Всѣ гости подозрительно переглянулись, нѣкоторые состроили презрительную гримасу.. Они были одной шерсти съ Иваномъ Петровичемъ, только видѣли спицу въ его глазу и, догадавшись въ чемъ дѣло, ославили его въ тотъ же день по городу за его же хлѣбъ-соль.
— Рѣдкій человѣкъ Иванъ Петровичъ, твердила воспитанная въ аристократическихъ началахъ публика: — вотъ ужъ истинно чиновникъ, умѣетъ поддержать славу благороднаго человѣка.
— Каково, плотью своей, кровью пожертвовалъ ради приличій! Отца родного не пустилъ за порогъ, изъ-за того только, что онъ не умѣлъ одѣться прилично… Еще отрекся отъ него!
— Такъ и надо, а вы думали какъ? Коли идешь къ благородному сыну, пріодѣнься во фракъ, одѣнь регаліи, какія тамъ есть, чтобы видѣли, что ты благородный человѣкъ, дворянинъ.
— Да вотъ у насъ, недалеко ходить, въ учебномъ заведеніи: хоть будь разпраотецъ, да если фракъ маленечько потертъ, ни за что не пустятъ на свиданіе съ дѣтьми… хоть онъ изъ тридесятаго царства пріѣзжай, хоть съ роду въ глаза не видалъ дѣтища, а не пустятъ. На то порядокъ, на то учебное заведеніе!..
Но мы только набросили нѣкоторые штрихи, а намъ нужно изобразятъ настоящій ликъ Ивана Петровича, изобразить живыми красками, какимъ длиннымъ рядомъ постепенныхъ самоусовершенствованій достигъ онъ до того идеала петербургскаго чиновника, какимъ его нынѣ усматриваемъ.
Но прежде, чѣмъ начать такое важное дѣло, нужно разъяснить читателю общій характеръ нашего общества, которое, отъ макушки до пятъ, проникнуто аристократическими началами.
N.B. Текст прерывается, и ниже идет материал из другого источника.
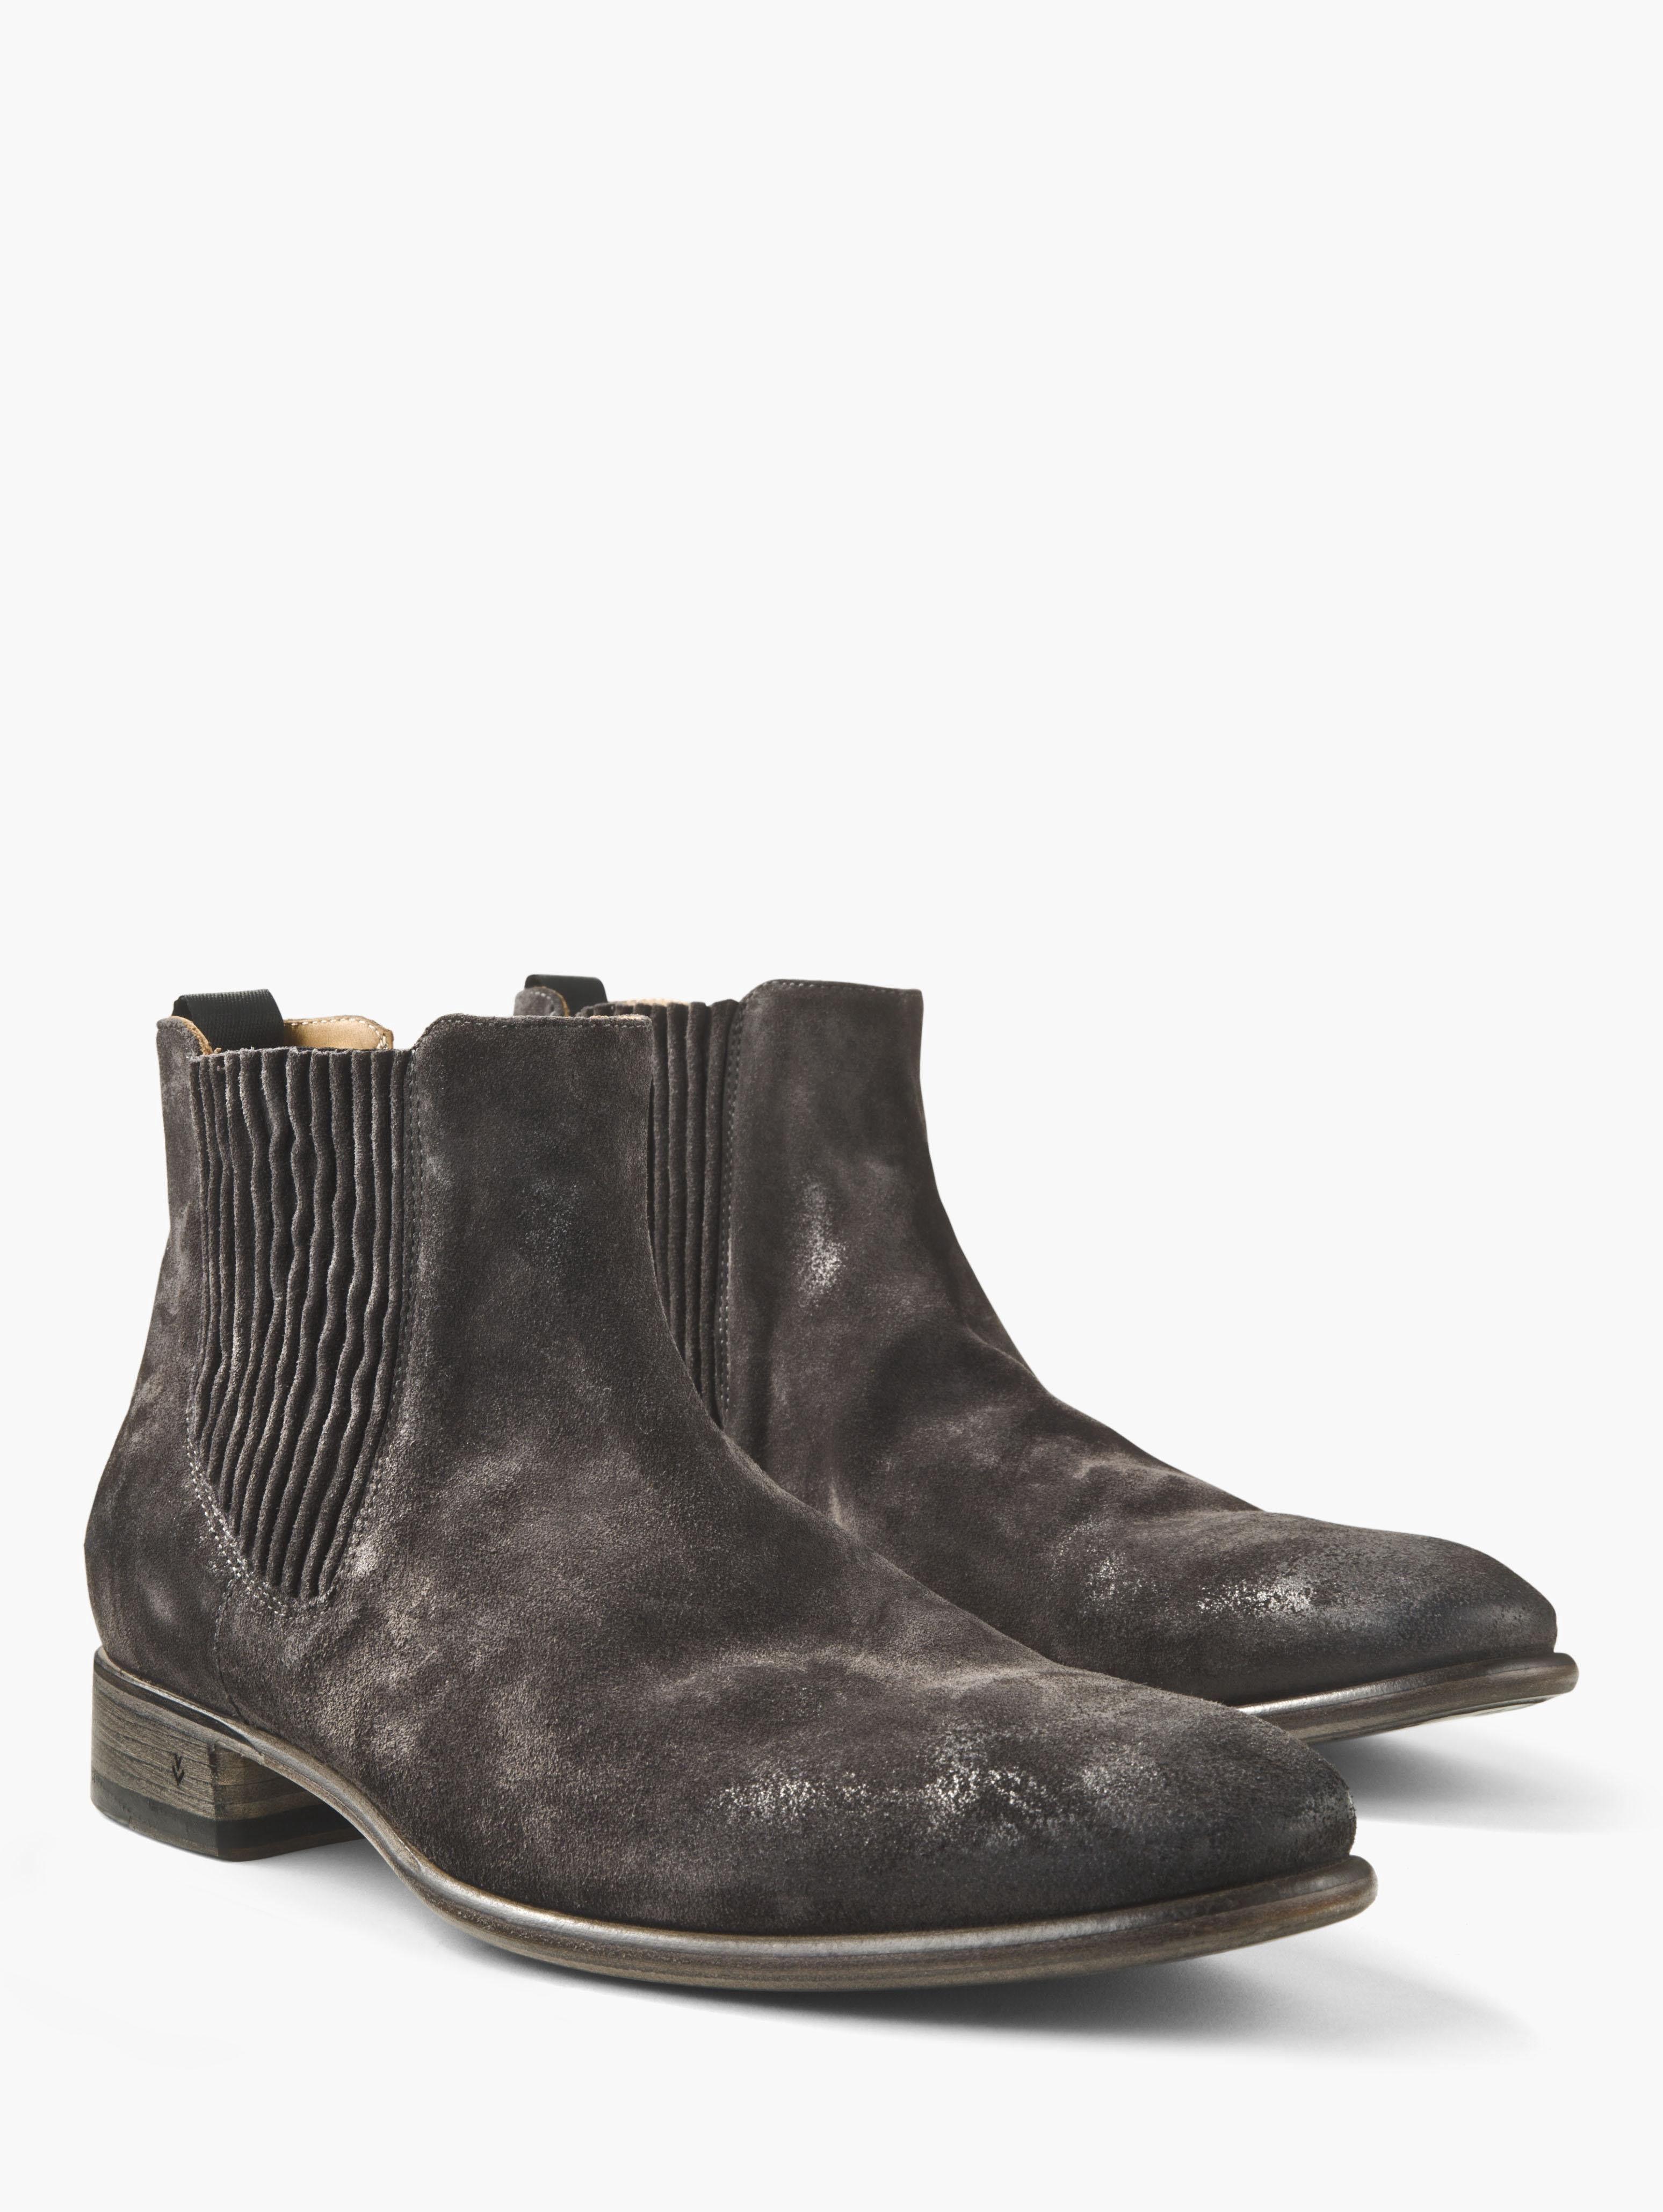 29b25584c0c899 JOHN VARVATOS Eldridge Covered Chelsea - Lead.  johnvarvatos  shoes  all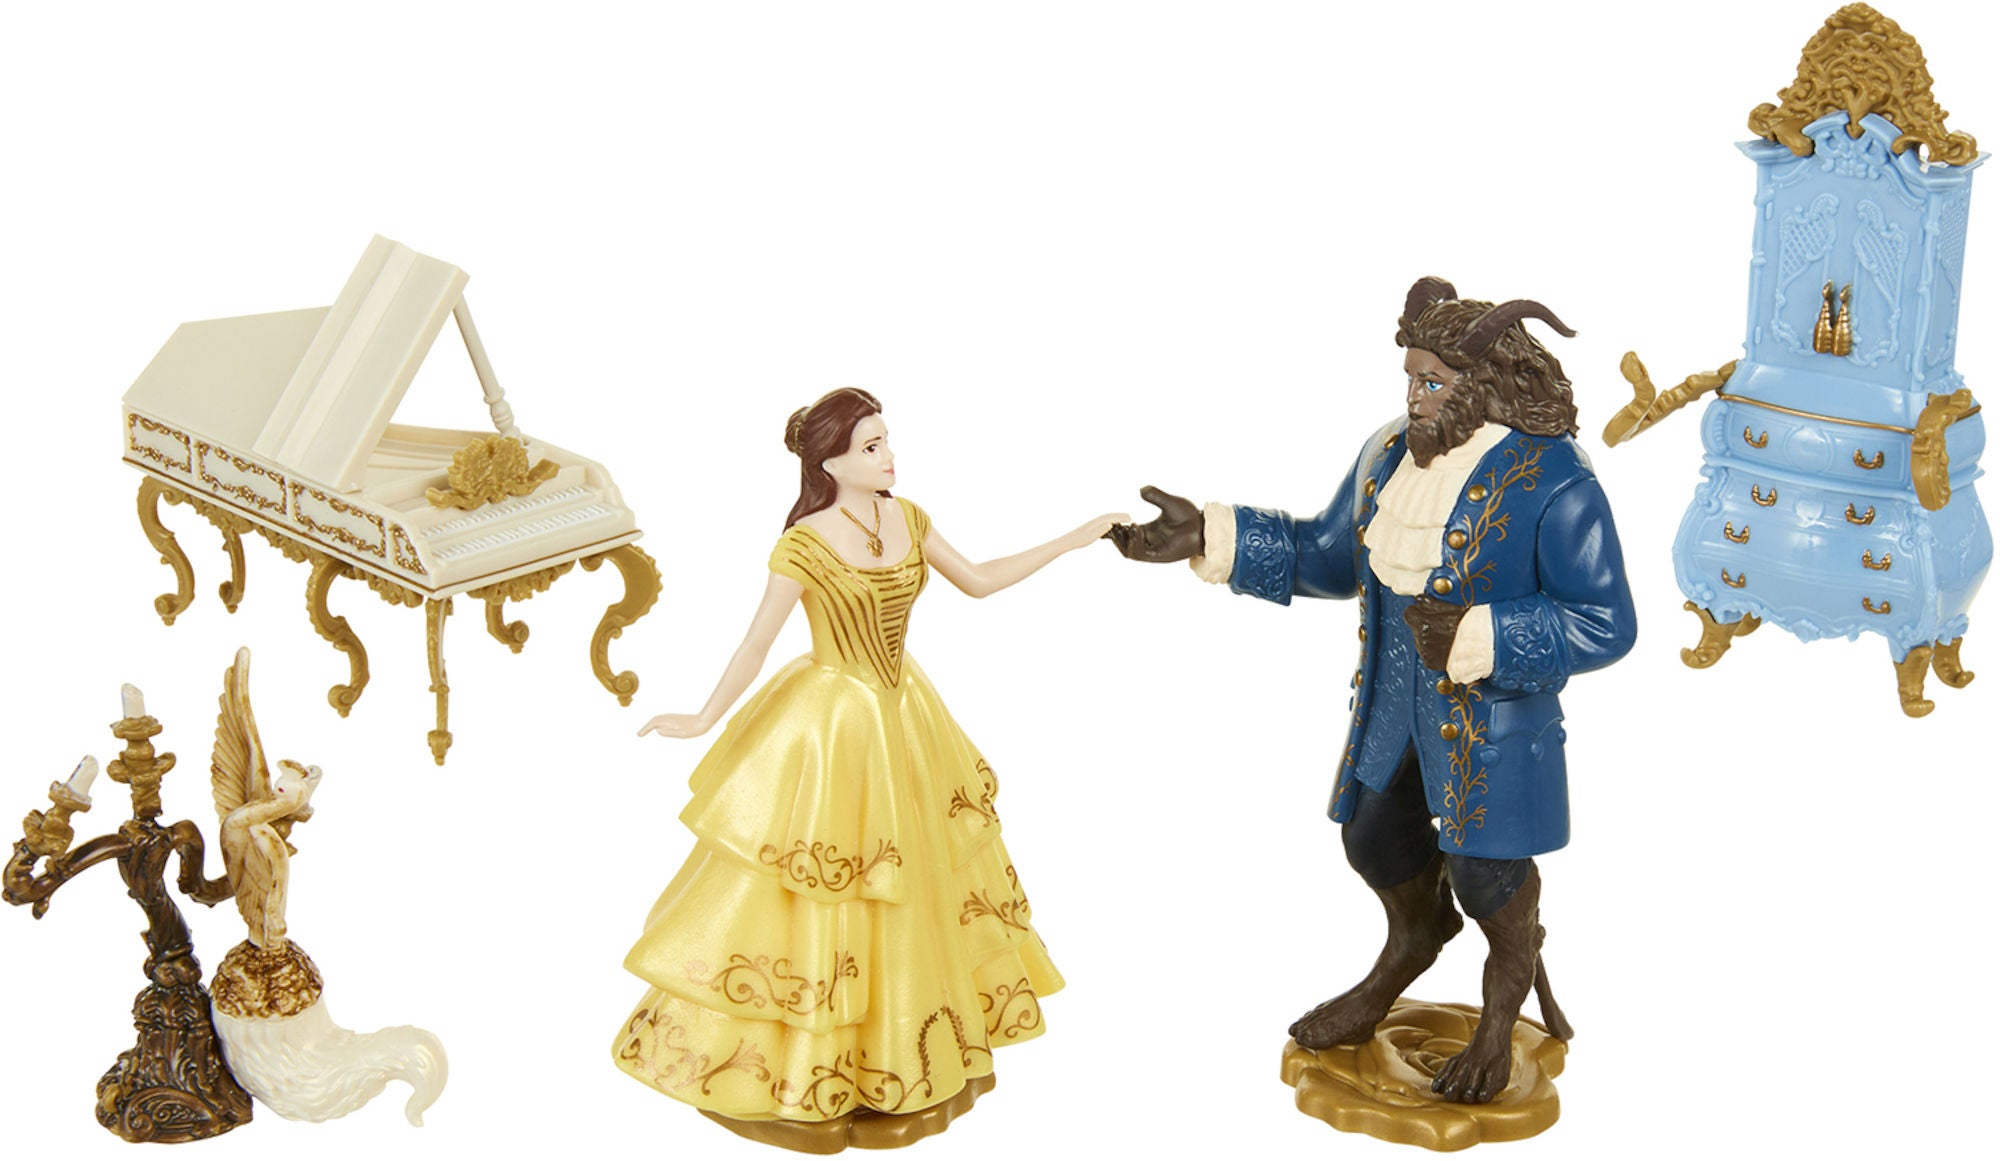 Disney Prinsessat Kaunotar ja Hirviö Figuurit

Не забираясь слишкомъ подъ облака, возьмемъ высшій и средній кругъ, если можно такъ выразиться. Всему обществу задаютъ тонъ, разумѣется, дамы, преимущественно молодыя. Очень естественно, что при неравенствѣ браковъ они вертятъ хилыми мужьями, какъ рукояткой кофейной мельницы. Плѣшивые сластолюбцы-старикашки, растратившіе давно весь порохъ, частію только числятся на выгодныхъ мѣстахъ, а въ сущности управляютъ ихъ жены, — частію, говорю. Положимъ, онѣ не сидятъ передъ зерцаломъ, не подписываютъ бумагъ, не распекаютъ лично чиновниковъ, но даютъ направленіе всей канцелярской политикѣ. Онѣ, черезъ посредство этого призрака начальничьей власти мужа, удаляютъ чиновниковъ «противныхъ», но часто дѣльныхъ; вставляютъ на мѣстахъ «интересныхъ», но пустыхъ, какъ свищъ. У нихъ нѣтъ прямаго свѣтлаго взгляда, у нихъ вездѣ симпатіи и антипатіи. Сердце, умъ чиновника онѣ часто видятъ въ лаковыхъ сапогахъ; а его познанія, способность къ дѣлу — въ бакенбардахъ, въ глазахъ съ поволокой.
Развѣ помѣщики обижали крестьянъ? — помѣщицы!
Развѣ чиновники брали въ былое время? — чиновницы!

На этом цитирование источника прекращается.